Stranger-Originated Life Insurance (STOLI)(STOLI)
Stranger-originated life insurance (STOLI) is an arrangement in which a third party with no insurable interest in the insured's life finances the purchase of a life insurance policy with the intent of acquiring or profiting from the policy's death benefit, circumventing the insurable interest doctrine.
Surplus Lines Insurance(E&S lines)
Surplus lines insurance is coverage placed with non-admitted insurers — carriers not licensed in a given U.S. state — when the admitted market is unable or unwilling to provide the required coverage at commercially acceptable terms, allowing unique or high-hazard risks to access specialized capacity from domestic and foreign specialty insurers.
Surrender Value(cash surrender value)
Surrender value is the actual amount of money a policyholder receives from a permanent life insurance company if they voluntarily terminate or surrender their policy before the insured event occurs or before the policy matures. It equals the policy's accumulated cash value minus any outstanding policy loans and applicable surrender charges.
Term Life Insurance(term insurance)
Term life insurance is a type of life insurance policy that provides a death benefit to the policyholder's named beneficiaries if the insured person dies within a specified coverage period, typically ranging from 10 to 30 years. It is generally the most affordable form of life insurance because it carries no cash value component.
Treaty Reinsurance(reinsurance treaty)
Treaty reinsurance is a standing reinsurance arrangement in which a reinsurer agrees in advance to accept a defined category of risks ceded by a primary insurer over a specified policy period, obligating both parties to honor the terms for all qualifying business without individual risk-by-risk negotiation.
Umbrella Insurance(personal umbrella policy)
Umbrella insurance is a form of personal liability coverage that provides an additional layer of protection above and beyond the liability limits of underlying policies such as homeowners, auto, and watercraft insurance. It is designed to cover large liability claims and lawsuits that exceed the limits of those base policies, as well as certain claims not covered by standard home or auto insurance.
Underwriting (Insurance)(insurance underwriting)
Underwriting in the insurance context is the process by which an insurer evaluates an applicant's risk profile to decide whether to offer coverage and, if so, at what premium and under what conditions.

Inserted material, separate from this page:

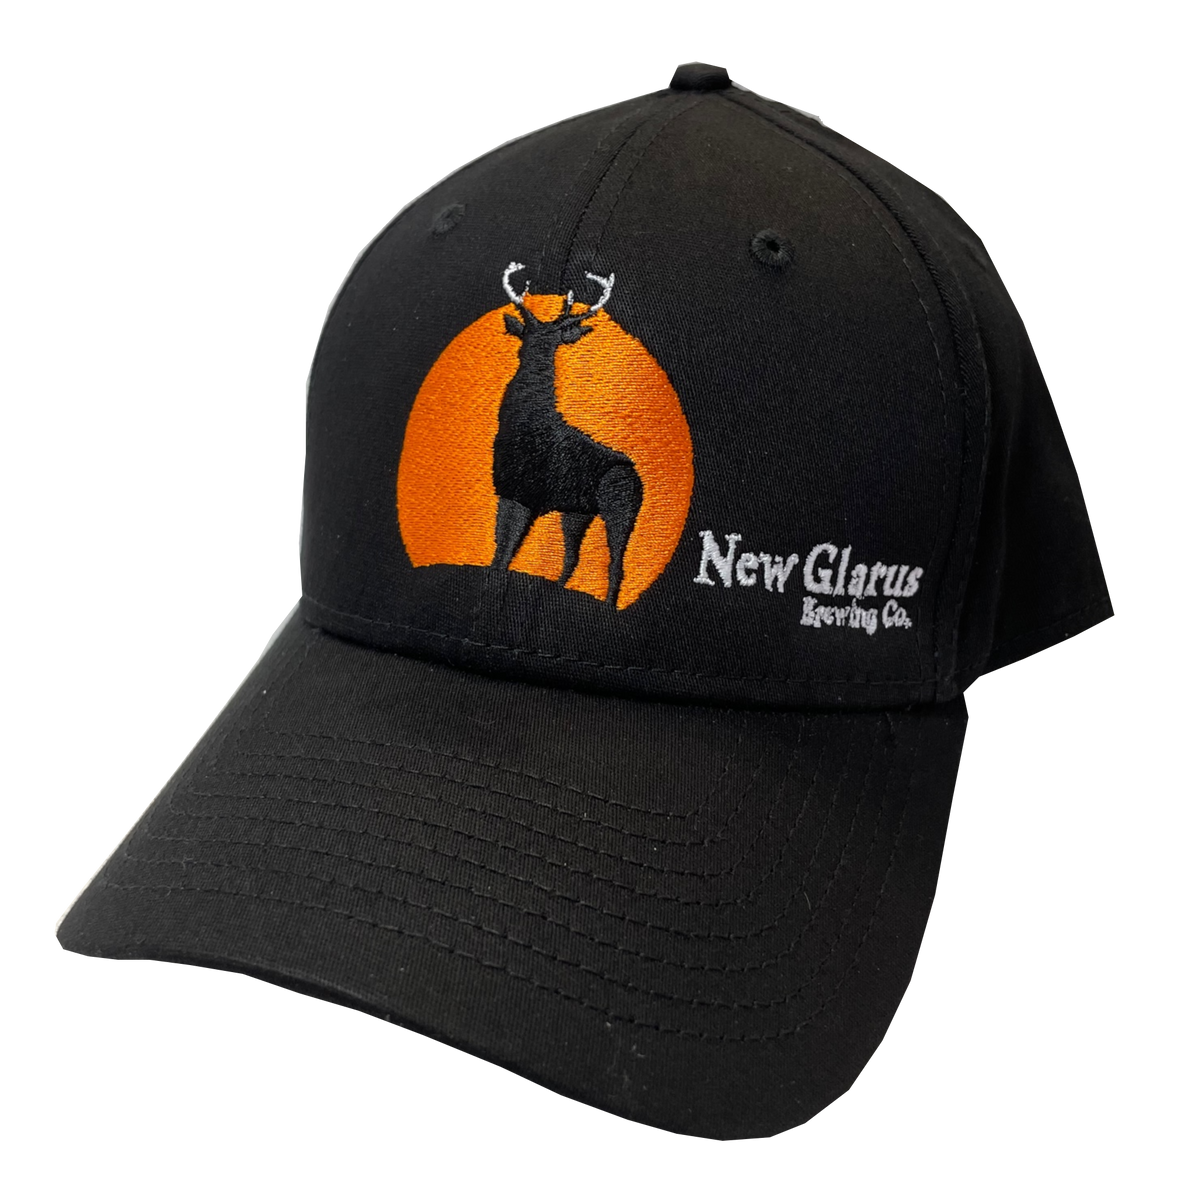 Black hat with orange and black Staghorn logo and New Glarus Brewing Co. in white.

Universal Life Insurance(UL insurance)
Universal life insurance is a type of permanent life insurance that offers flexible premium payments and an adjustable death benefit, with a cash value component that earns interest based on current market rates or a specified index. It combines the lifelong coverage of permanent insurance with greater flexibility than traditional whole life policies.
Variable Universal Life(VUL)
Variable Universal Life (VUL) is a type of permanent life insurance that combines flexible premiums and an adjustable death benefit with a cash value component that can be invested in sub-accounts resembling mutual funds.
Viatical Settlement(life settlement)
A viatical settlement is a transaction in which a person with a terminal or life-limiting illness sells their life insurance policy to a third-party buyer for a lump sum that is less than the face value but greater than the cash surrender value, providing immediate liquidity to the policyholder.
Waiver of Premium Rider(premium waiver rider)
A Waiver of Premium rider is an optional provision on a life insurance policy that exempts the policyholder from paying premiums if they become totally disabled for a specified period, keeping the policy in force without premium payments during the disability.
Whole Life Insurance(whole life)
Whole life insurance is a form of permanent life insurance that provides a death benefit for the insured's entire lifetime as long as premiums are paid, while simultaneously building a cash value account that grows at a guaranteed rate. It is the oldest and most traditional form of permanent life insurance in the United States.